The table also showed that during that period, nearly 29% of infected individuals were hospitalized and more than 6% had died — both much higher percentages than for cases in the general population.

But even in instances involving frailty and underlying conditions, those deaths were not inevitable. One of the first outbreaks in the country, which resulted in nearly two dozen deaths at a nursing home near Seattle, made it clear that group-living facilities must prepare to effectively guard against COVID-19’s spread. Now we know that long-term public health vigilance is needed.

Across the country, care-home sites that have managed to contain the virus have done so with basic must-do measures such as using personal protective equipment (PPE), routine testing of employees and residents, and bringing on extra workers. Their successes make clear that careful planning and effective leadership can save lives.

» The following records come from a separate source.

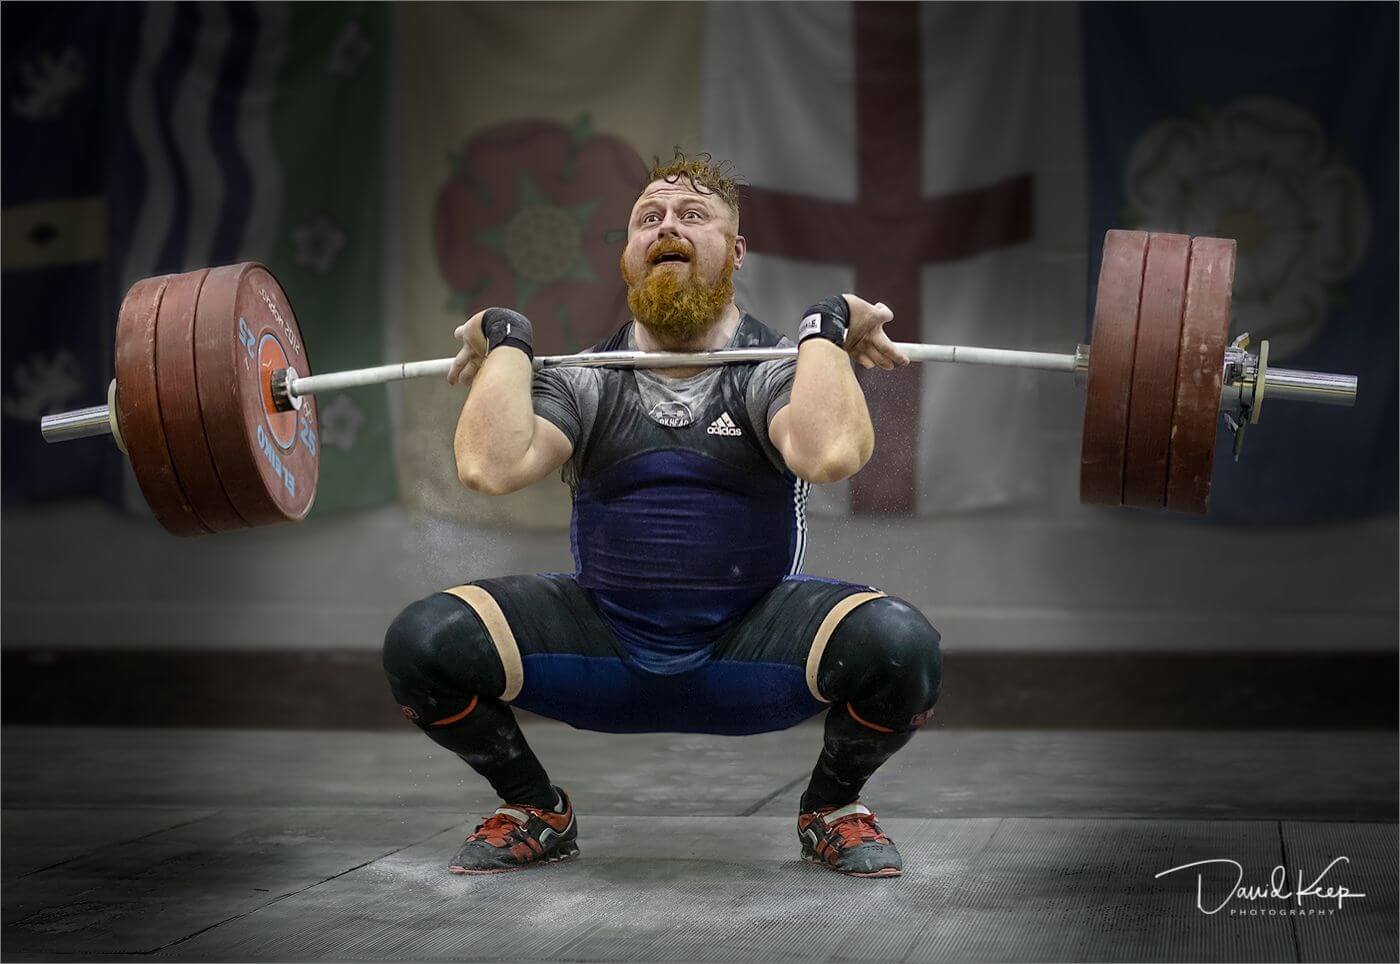 The 170kg Lift By David Keep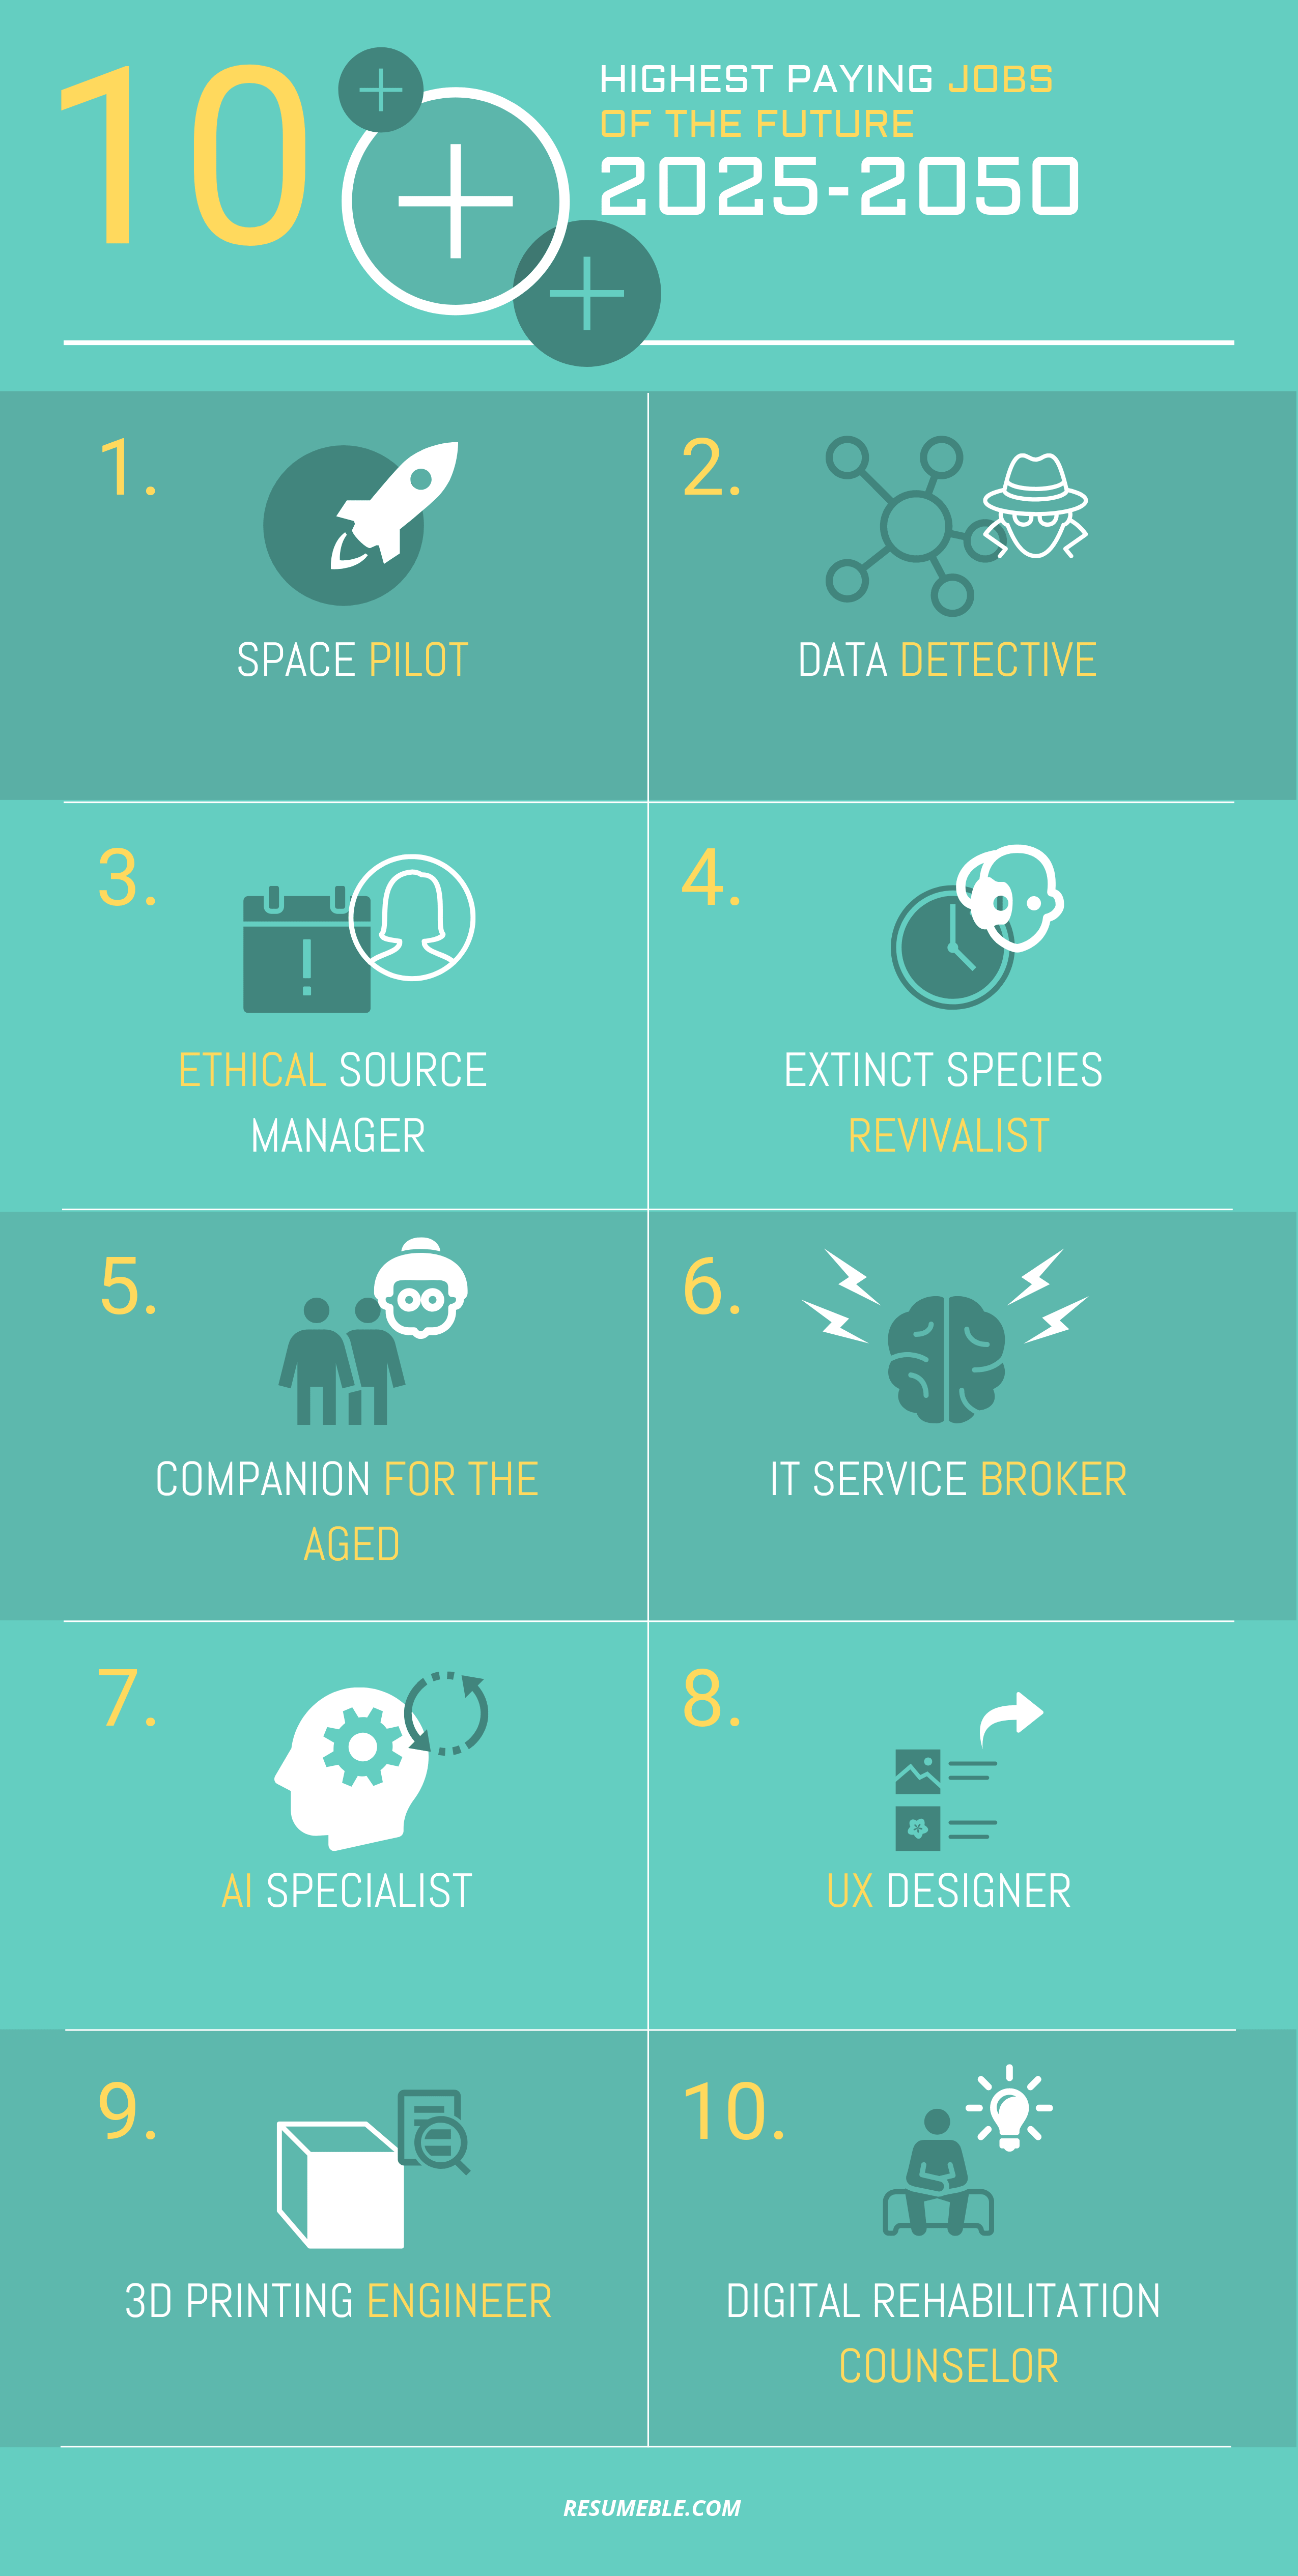 What will be the most popular jobs in the future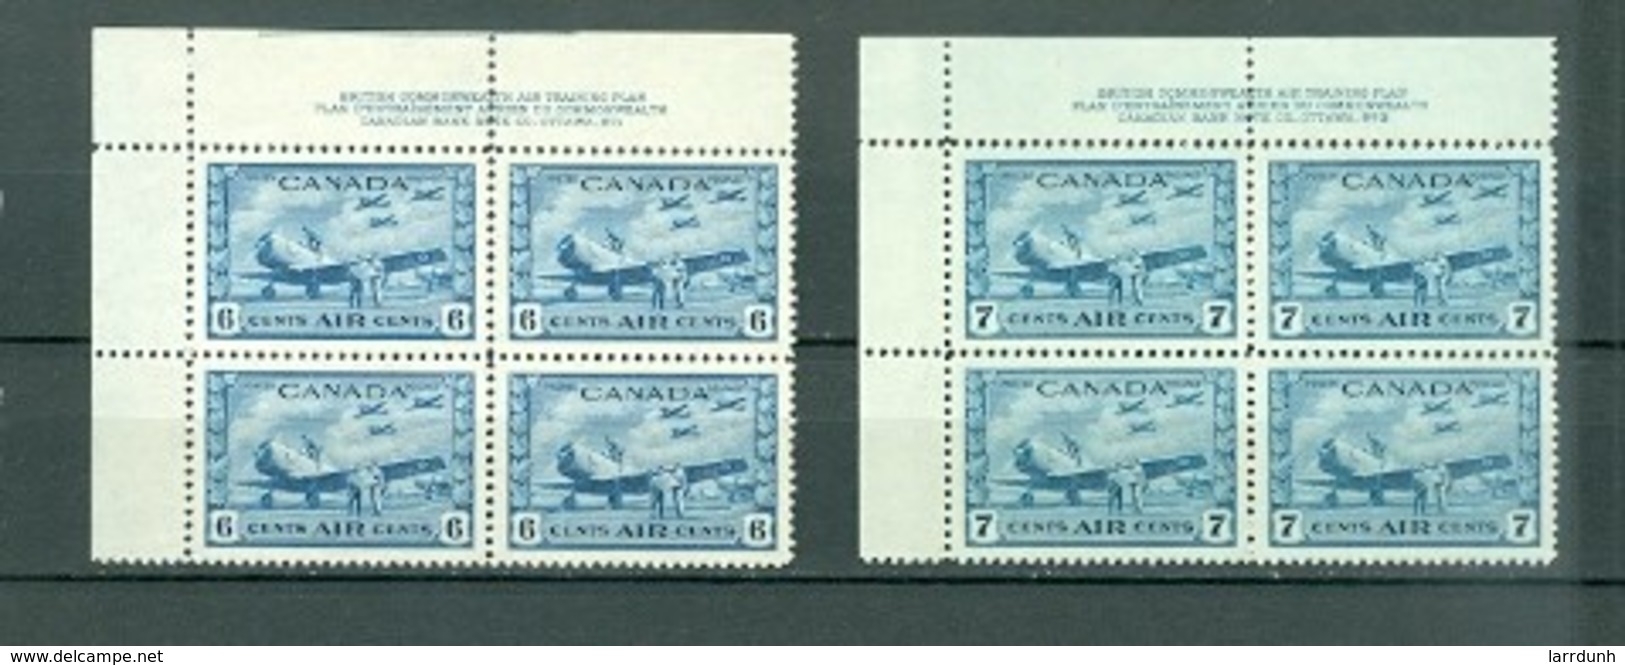 Canada C7 C8 Planes And Student Flyers British Commonwealth Air Training Plan Plate Block UL MNH 1942 1943 A04s - Poste Aérienne: Exprès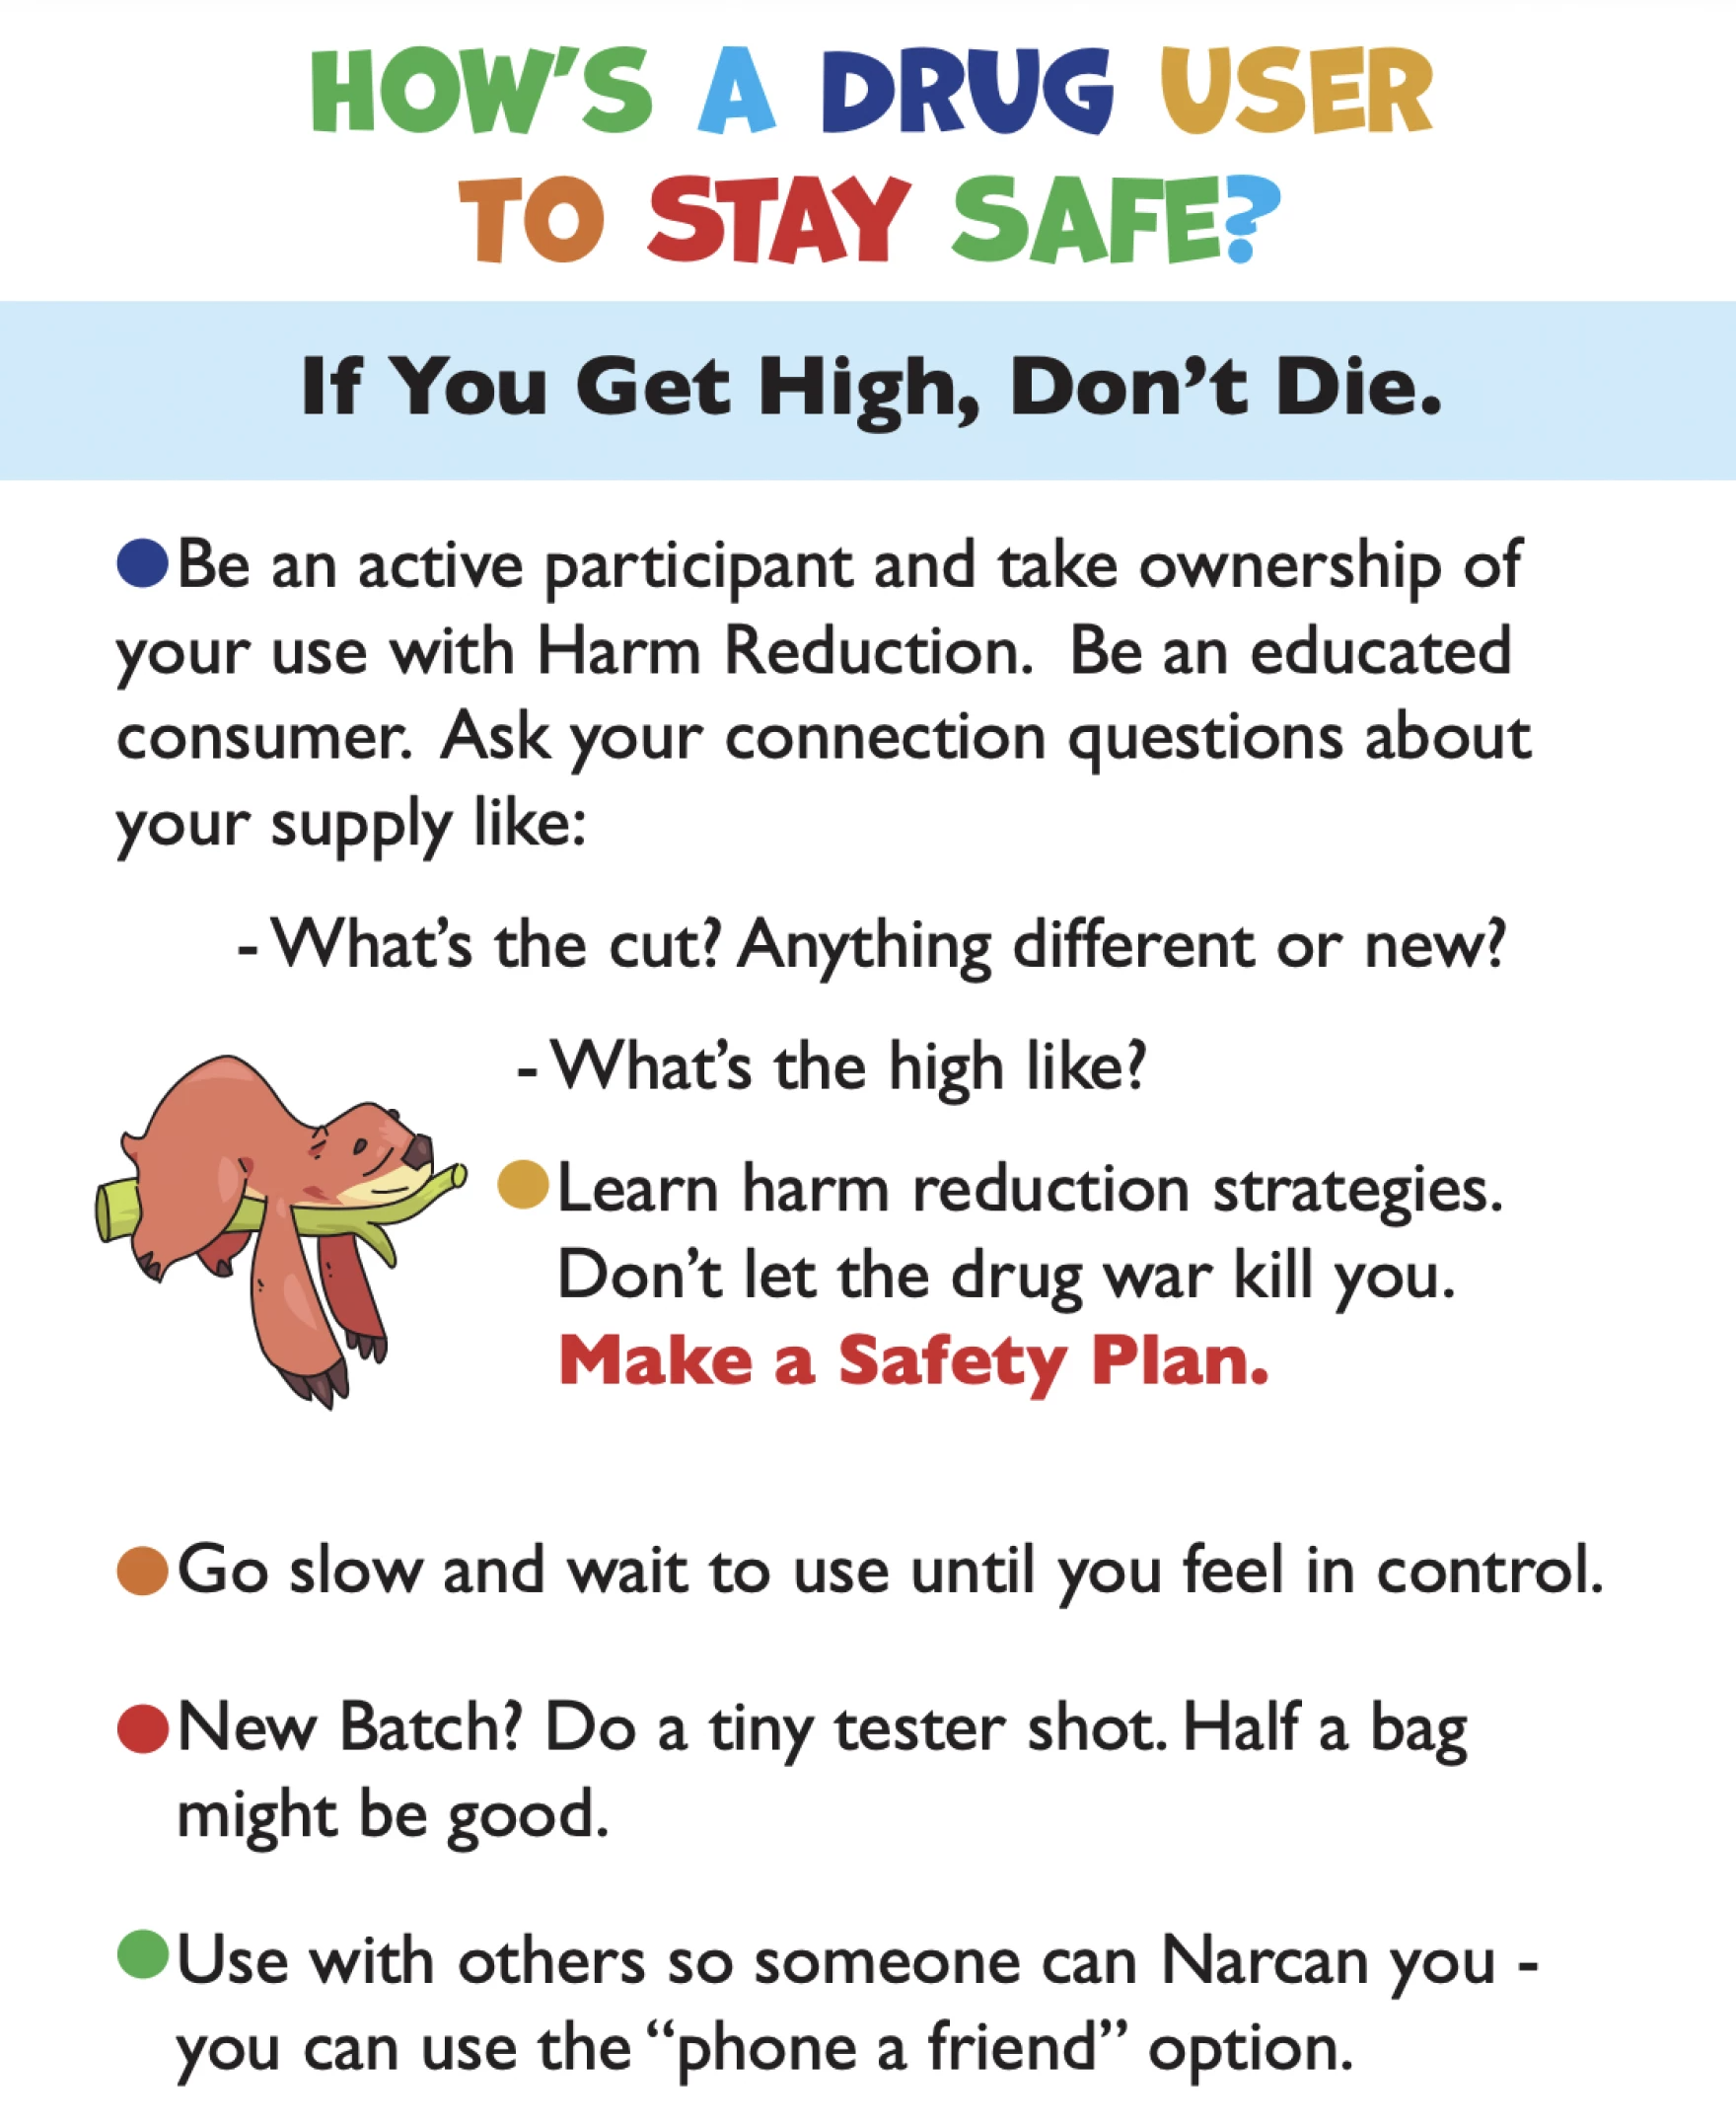 Ryan Fowler, HIV/HCV Resource Centerproduced a flier to warn people about xylazine and offer safety tips.

Hawaii’s DOH dedicated months to creating a surveillance plan, in tandem with nearly 50 long-term care facilities, that focuses on infection control and mitigation strategies — but it must respond with urgency when protocols fall short.

That certainly is what’s happened at the Hilo care home, where on Wednesday slightly more than 60 of 74 residents, veterans and their spouses, had tested positive, along with 22 employees. That is a severe hotspot that demands immediate attention.

At surge sites, the local AARP chapter suggests adopting a “strike team” strategy that’s being used on the mainland. Through this model, teams — consisting of medical workers, emergency responders, clergy and others — “parachute in” as they would in natural disasters like hurricanes and wildfires to combat virus outbreaks in long-term care facilities.

While this tactic might be complicated by Hawaii’s geographic isolation, U.S. Sen. Brian Schatz, too, has sensibly called for outside help, via the Veterans Affairs, in remedying the Yukio Okutsu home outbreak. Military veterans there — along with patients and workers in care facilities throughout the islands — deserve to be a state priority, which includes a candid accounting of COVID-19 oversight.